Ameeta Sinh (born Amita Kulkarni on 4 October 1962) is a politician from the state of Uttar Pradesh, India, who was formerly a national badminton champion. She has been Chairman of Jilla Panchayat in Amethi/Sultanpur district and has been elected Thrice as a Member of the Legislative Assembly for the Amethi Vidhan Sabha constituency in the Legislative Assembly of Uttar Pradesh. She was minister of state in the Government of Uttar Pradesh.

After the death of her first husband Syed Modi, in whose murder she and Sanjay Sinh were accused, she went on to marry Sanjay Sinh, a Bhartiya Janta Party (BJP) politician from Amethi who is close to the Nehru-Gandhi family and a descendant, by adoption, of the former royal family of Amethi.

Early life 
Ameeta Sinh was born on 4 October 1962.  She became a national champion in the sport of badminton during the 1970s. In 1984, she married another national champion, Syed Modi, whom she then partnered in a successful badminton career. Their marriage ended when Syed Modi was shot dead in 1988. While they were discharged of all charges, the CBI alleged that Ameeta and Sanjay were in a relationship, although Sanjay was still married at that time. The coup his first wife, Garima . A legal challenge to that divorce resulted in it being set aside in 1998 by the Supreme Court of India, although the couple still claim that they are legally wed.
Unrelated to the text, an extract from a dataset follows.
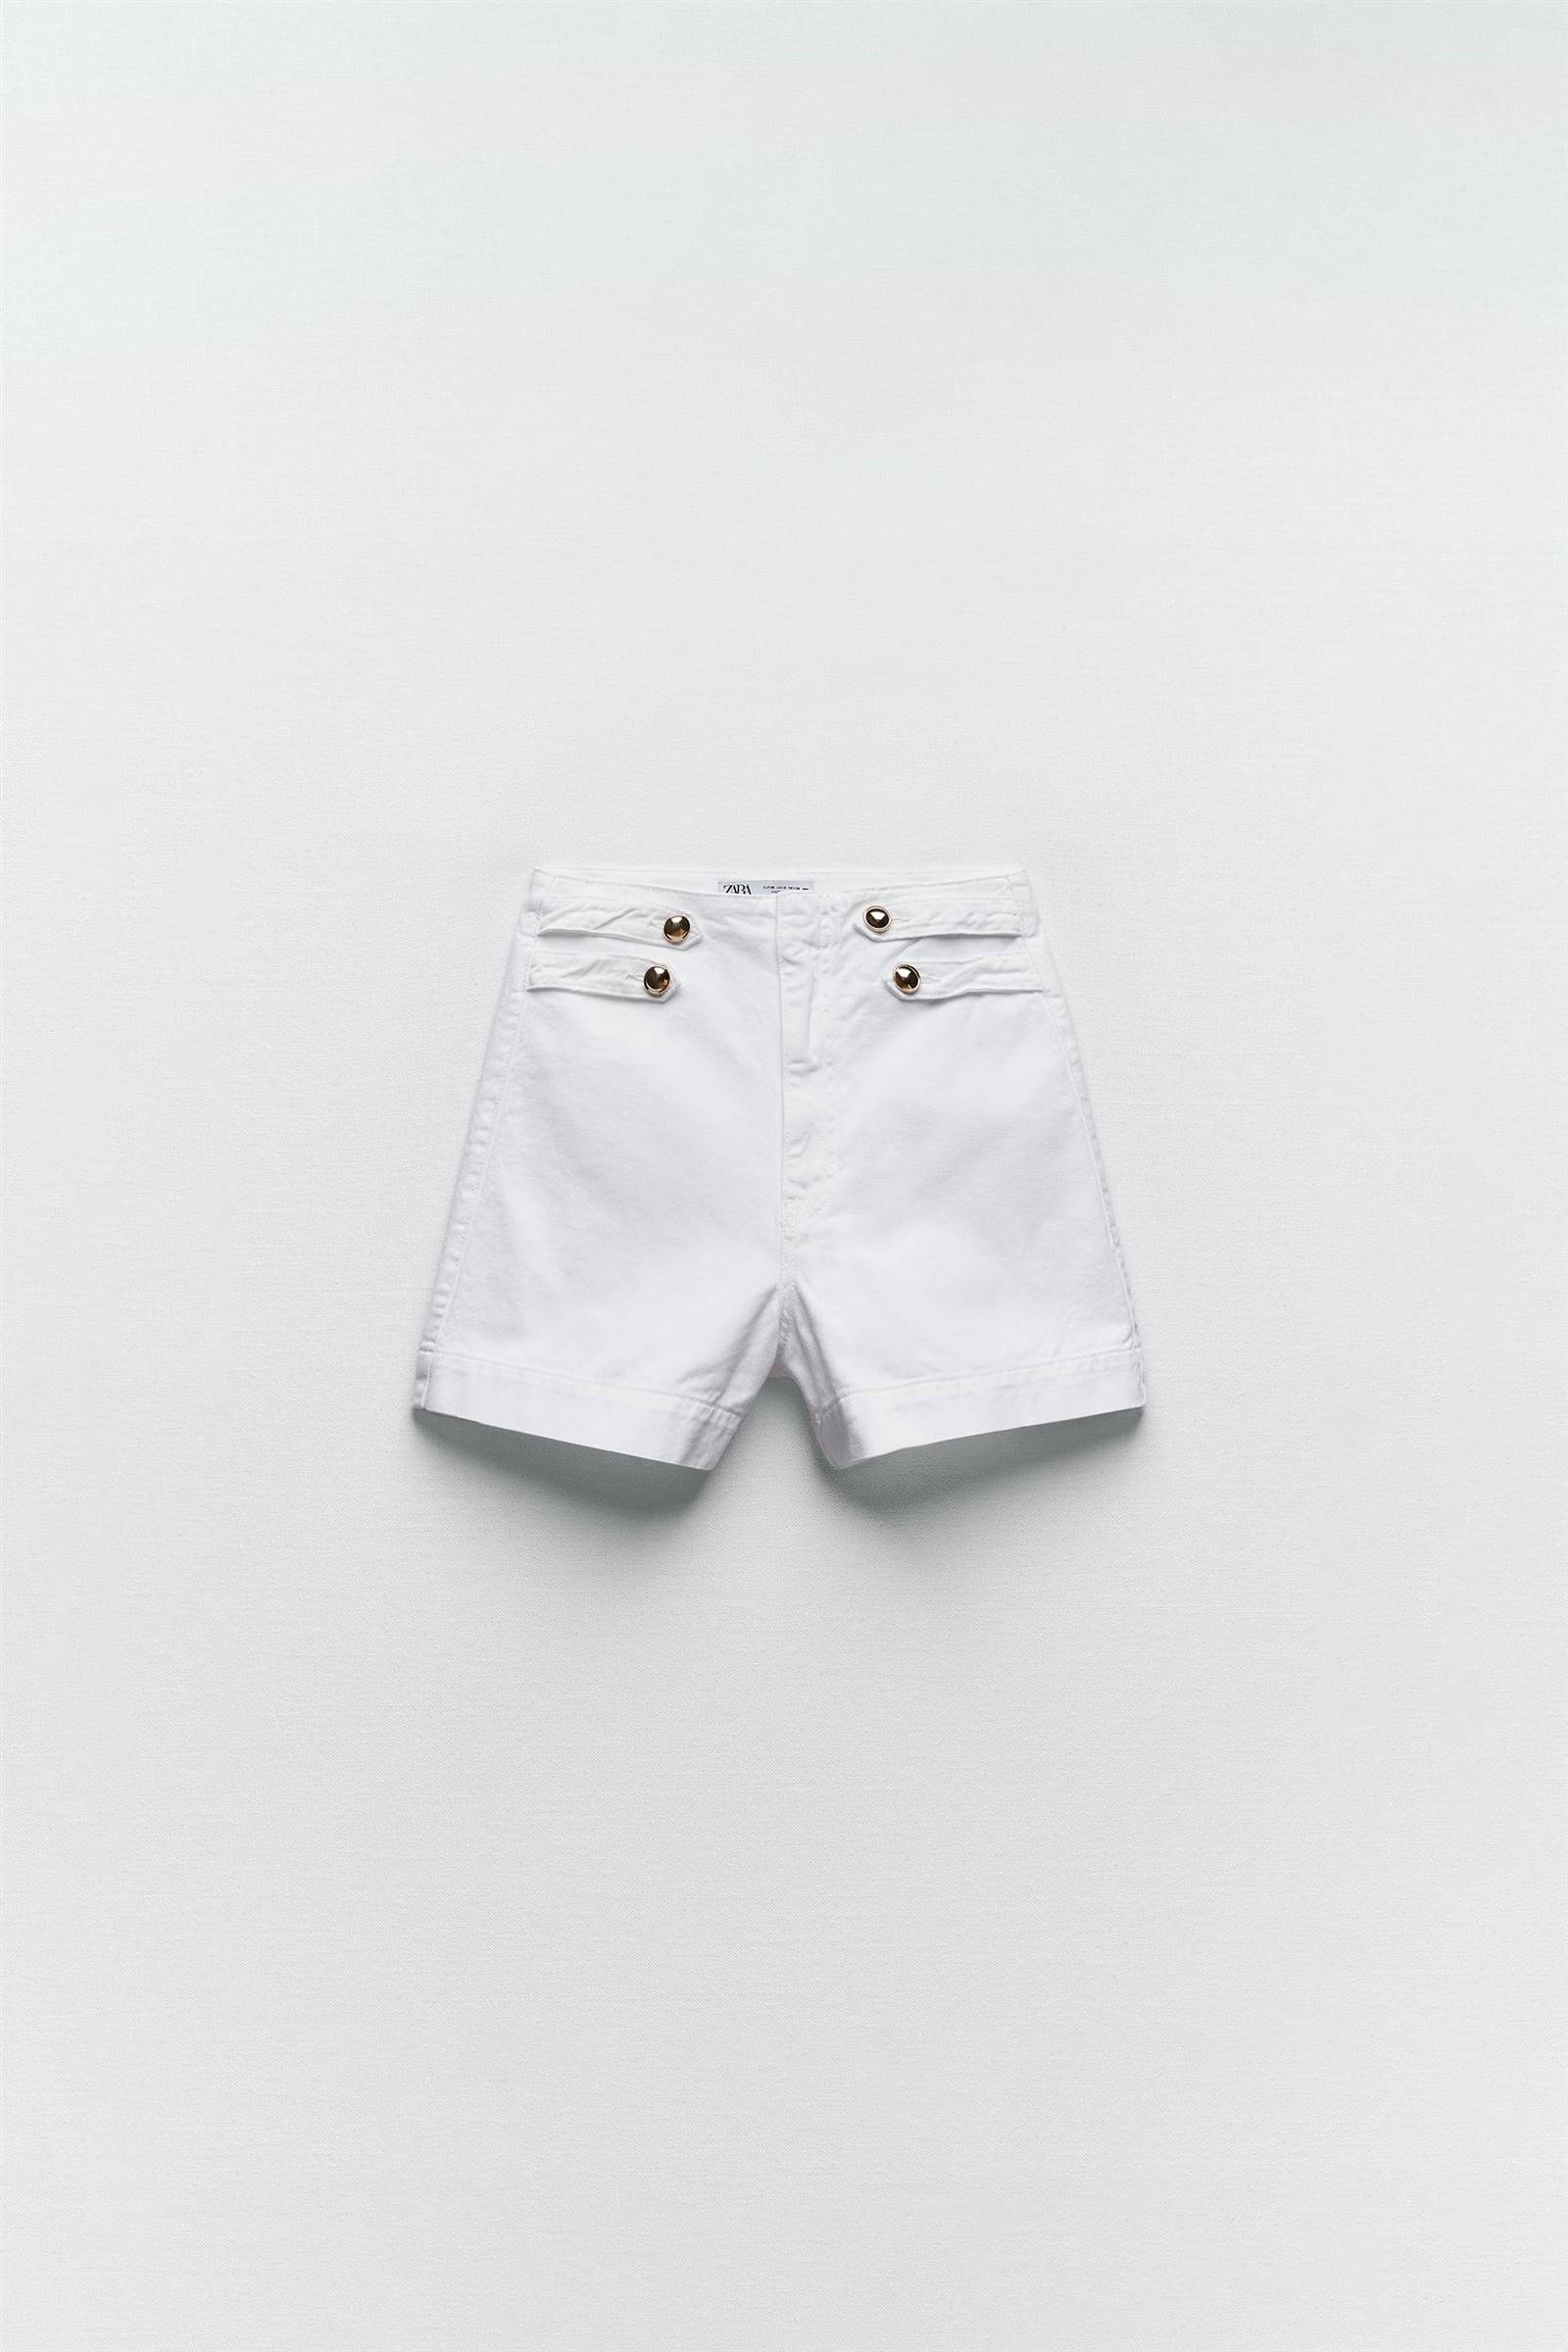 Pantalones cortos blancos con botones de Zara

Aside from the three children whom he fathered with Garima, Sanjay has legally adopted Ameeta's daughter. Her daughter was born two months prior to the death of Syed Modi.

Sinh graduated from Dr. Ram Manohar Lohia Avadh University , Faizabad, in 2003 and was awarded a PhD in sociology by the same institution in 2011.

Ameeta Sinh has been a party to a public battle over an inheritance that has seen Sanjay and Garima making rival claims. Sanjay was adopted by the king of Amethi, Rananjay Singh, as his heir prior to the abolition of all royal privileges in India and as such he inherited the former royal estates. In 1989, he had removed Garima from the palace but in 2014 she and her children took up residence at another palace in Amethi, called Bhupati Bhawan, and refused to move. Local people gathered to support her, claiming that she, rather than Ameeta, was the real queen.

Political career 
Sinh was Chairman of Jilla Panchayat of Amethi/Sultanpur district between August 2000 and February 2002. She won the Amethi Vidhan Sabha seat as a Bharatiya Janata Party (BJP) candidate in the 2002 Uttar Pradesh state assembly elections, and again in the 2007 elections, this time as an INC candidate. Her husband had also been a BJP politician at the time of the 2002 elections, having begun his career with the INC, moved to the Janata Dal party and then to the BJP. He had returned to the INC in 2003. She was minister for technical education.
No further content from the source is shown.